Originally created by @sebastian-philipp on GitHub (Mar 31, 2024).
Original GitHub issue: https://github.com/ollama/ollama/issues/3425

Originally assigned to: @dhiltgen on GitHub.

What are you trying to do?

HSA_OVERRIDE_GFX_VERSION="11.0.2" /usr/local/bin/ollama serve 
...
time=2024-03-31T15:09:39.342+02:00 level=WARN source=amd_linux.go:53 msg="ollama recommends running the https://www.amd.com/en/support/linux-drivers: amdgpu version file missing: /sys/module/amdgpu/version stat /sys/module/amdgpu/version: no such file or directory"
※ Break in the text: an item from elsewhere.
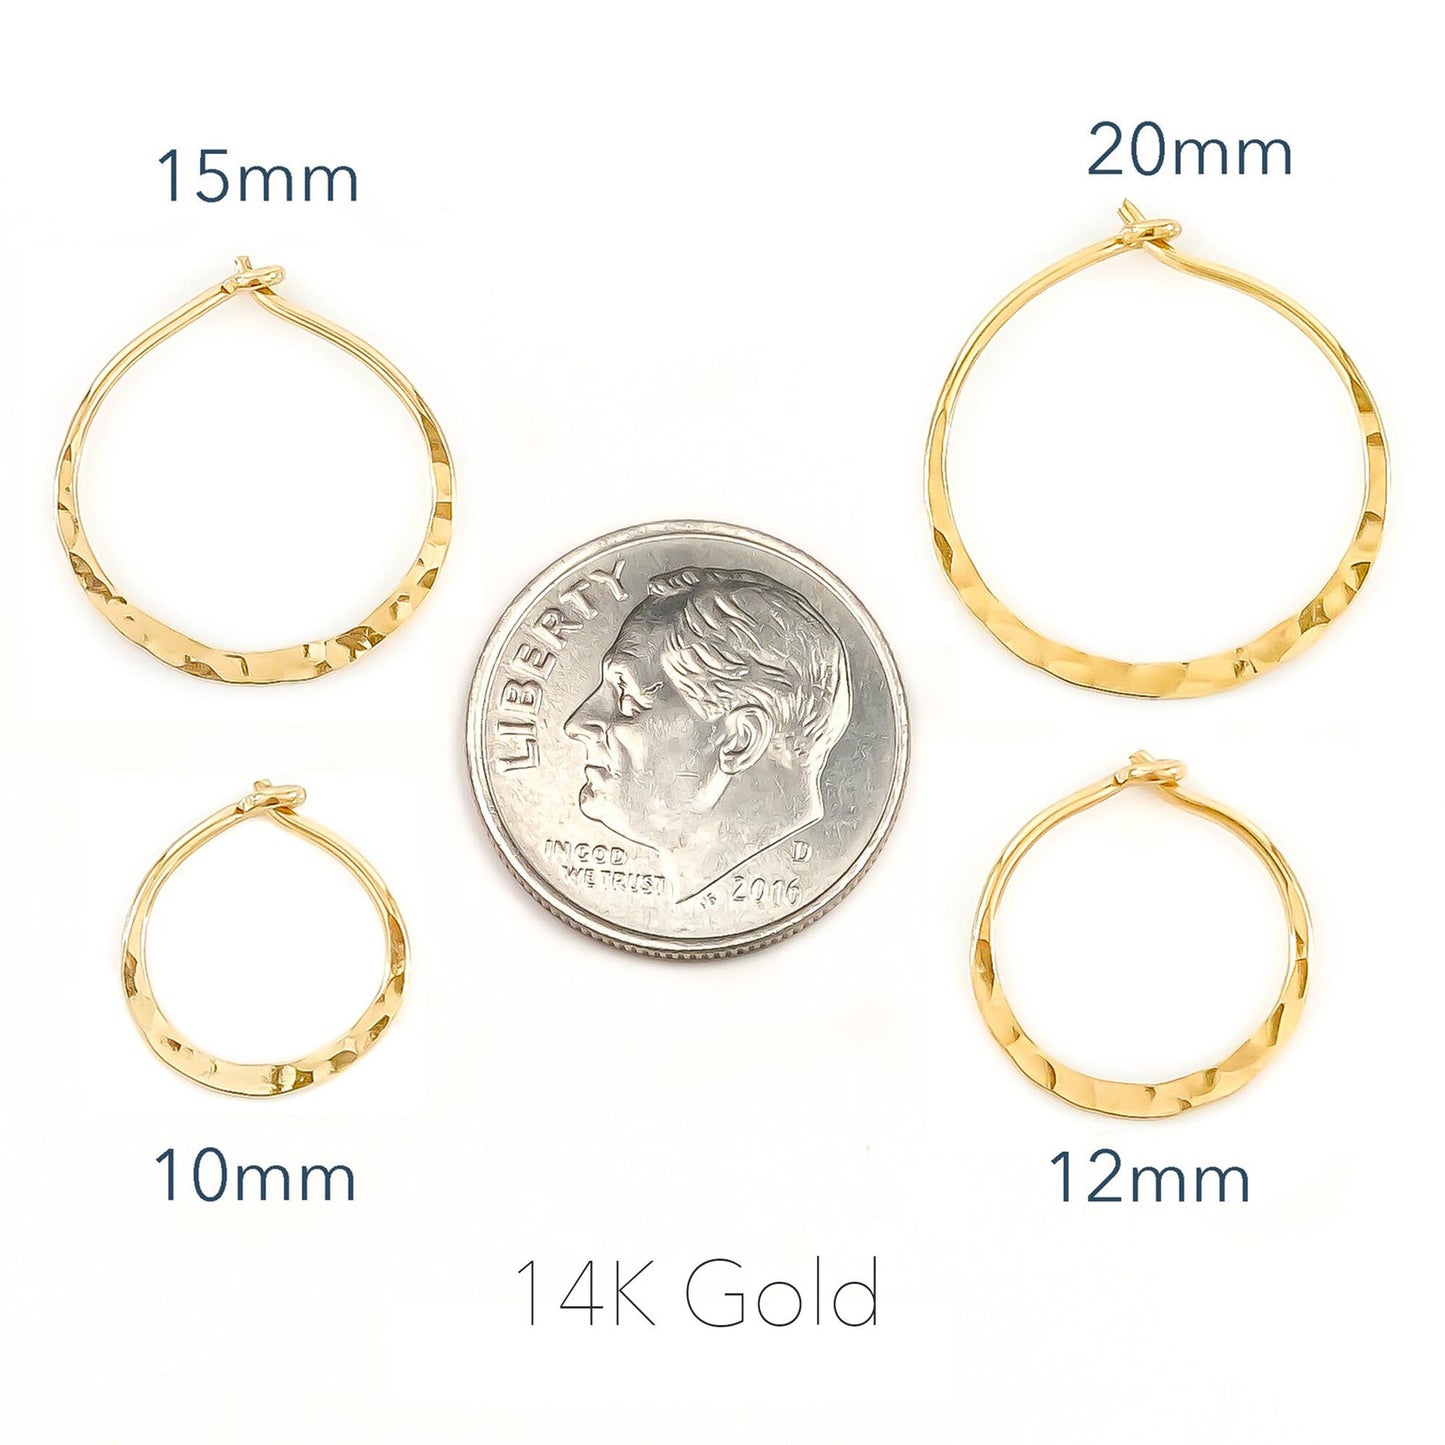 14K Gold Hammered Hoops, 12mm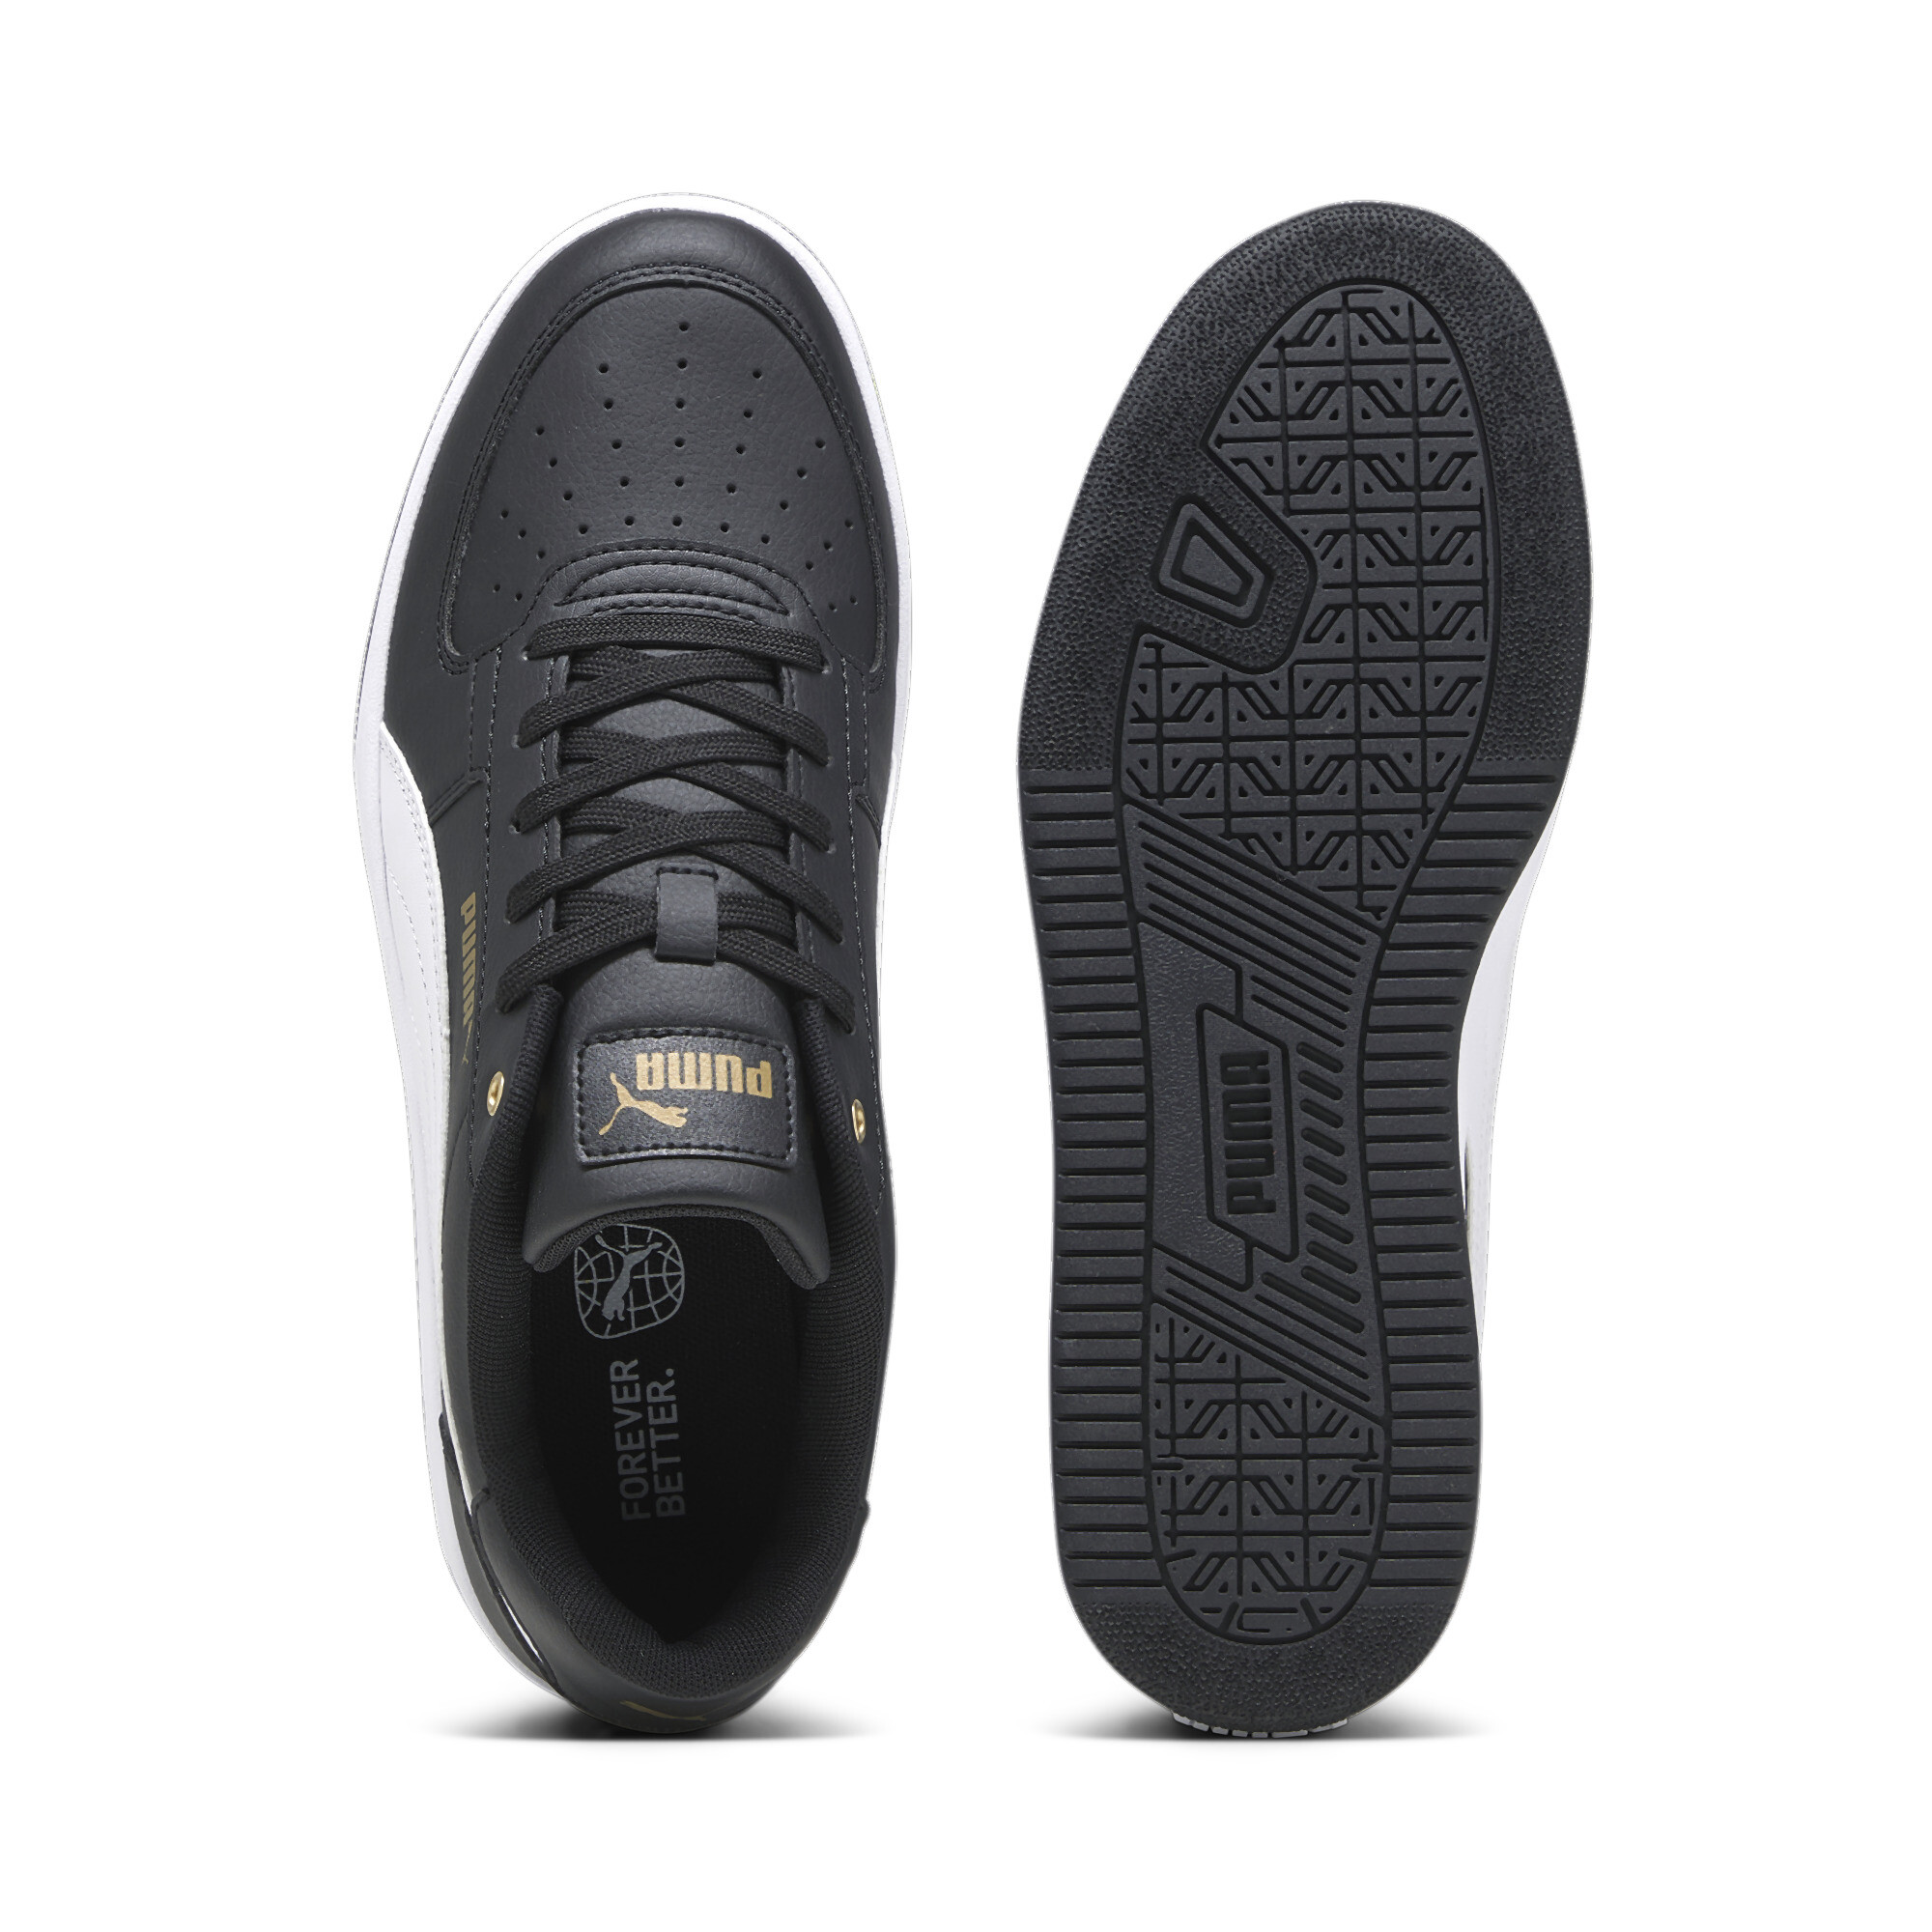 Men's PUMA Caven 2.0 Sneakers In Black/Gold, Size EU 38.5

Though I have the distribution kernel package:

 ll /sys/module/amdgpu/rhelversion 
-r--r--r--. 1 root root 4,0K 31. Mär 15:13 /sys/module/amdgpu/rhelversion

And yes, I have seen the if we see users crash and burn with the upstreamed kernel comment in the code. But I'd at least like try out the distribution driver. Right now it's a nightmare to try out the distribution driver, as you need to enter the rabbit hole of patching and re-compiling the source code following https://github.com/ollama/ollama/blob/main/docs/development.md#linux-rocm-amd .

How should we solve this?

I'd like to see a AMDGPU_VERSION_OVERRIDE environment variable to override this /sys/module/amdgpu/version version check.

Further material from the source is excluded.